|
Turkish Novel as Antidote for East-West Despair
By CHRISTOPHER LEHMANN-HAUPT
At a moment when one despairs of
there ever being a meeting of minds between the Muslim world and the West,
"The White Castle," a new novel by the young Turkish writer
Orhan Pamuk and the first of his books to be translated into English,
comes as a promising antidote.
"We were sailing from Venice
to Naples when the Turkish fleet appeared," begins Mr. Pamuk's story,
which has been ably translated by Victoria Holbrook from the Turkish.
"Our captain, fearing punishment should he be captured, could not
bring himself to give the command to whip the captives at the oars.
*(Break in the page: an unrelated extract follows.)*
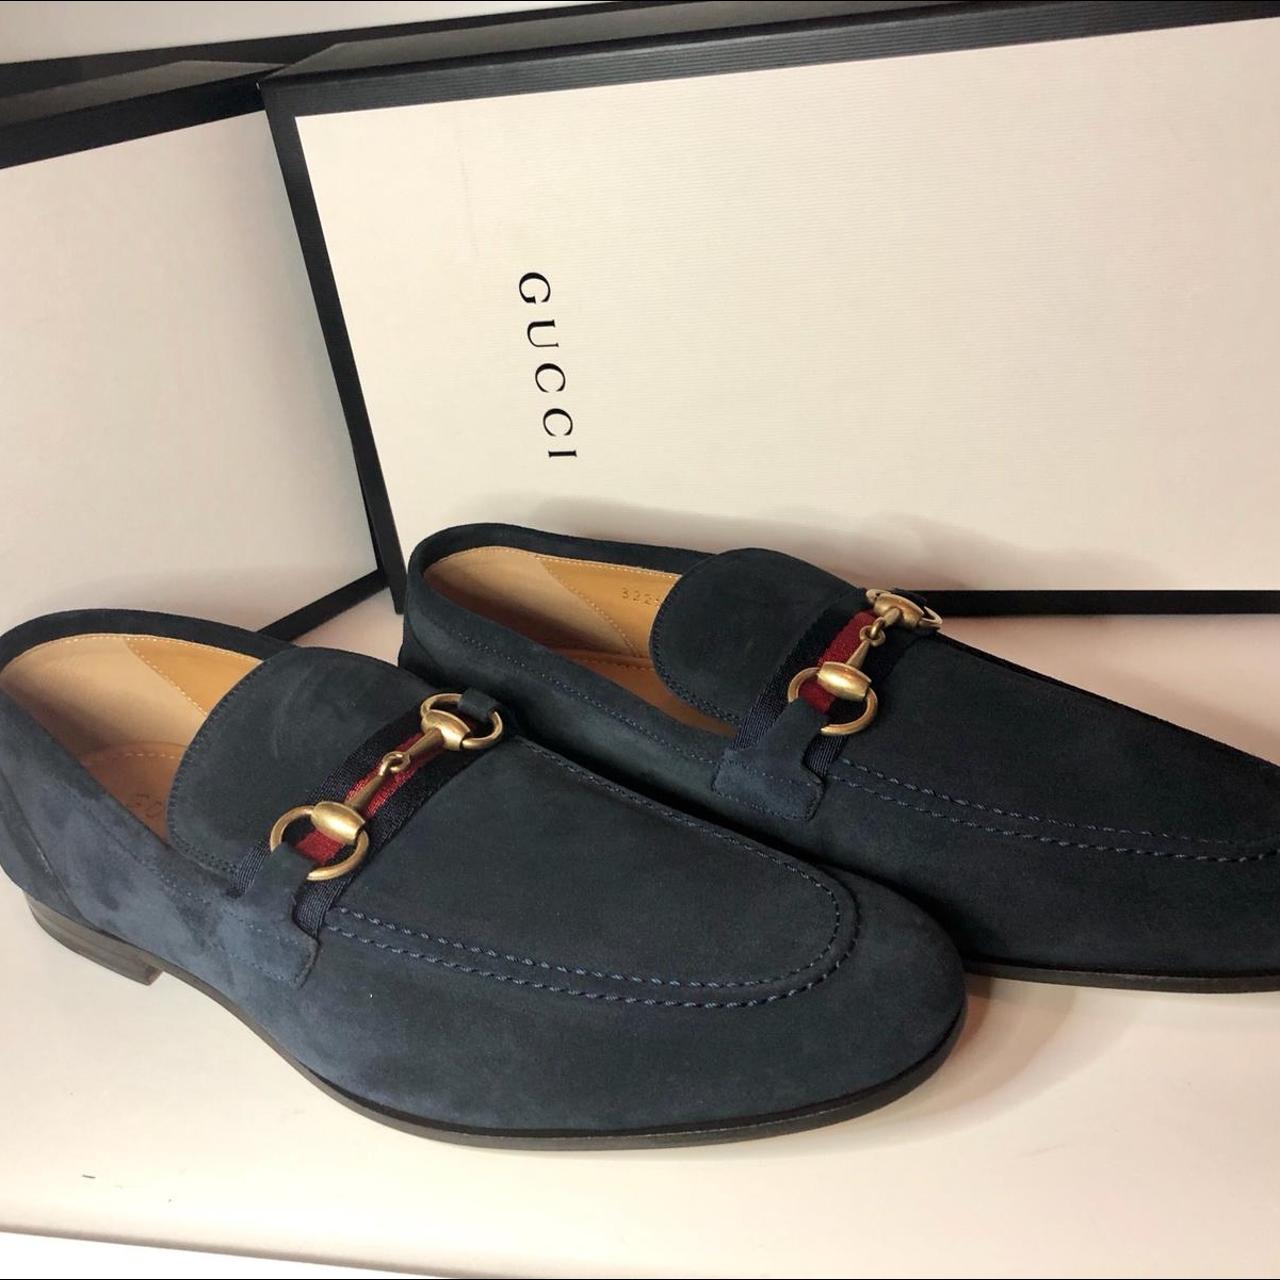 skyld Kalksten Formindske Navy blue suede Gucci loafers with Gucci branded... - Depop

In
later years I often thought that this moment of cowardice changed my whole
life."
The book is written in the form of
a 16th-century confession entitled "The Quilter's Stepson."
As a brief preface by a fictional scholar named Faruk Darvinoglu explains,
it was discovered "in 1982 in that forgotten 'archive' attached to
the governor's office in Gebze that I used to rummage through for a week
each summer."
In it, the nameless Venetian narrator
describes how he was captured by the Turks, shipped back to Istanbul,
as the translation renders what was then Constantinople, and thrown into
a prison cell. But he avoided slave work by pretending to be a doctor
and curing his captors' simple ailments by consulting his books. After
impressing the Turks with his courage in refusing to become a Muslim despite
the threat of having his head cut off with an ax, he was given as a slave
to a royal scholar named Hoja, who, to the narrator's terror and amazement,
exactly resembled him.
Hoja promised that after he had learned
everything the narrator had to teach him, he would make him a freedman.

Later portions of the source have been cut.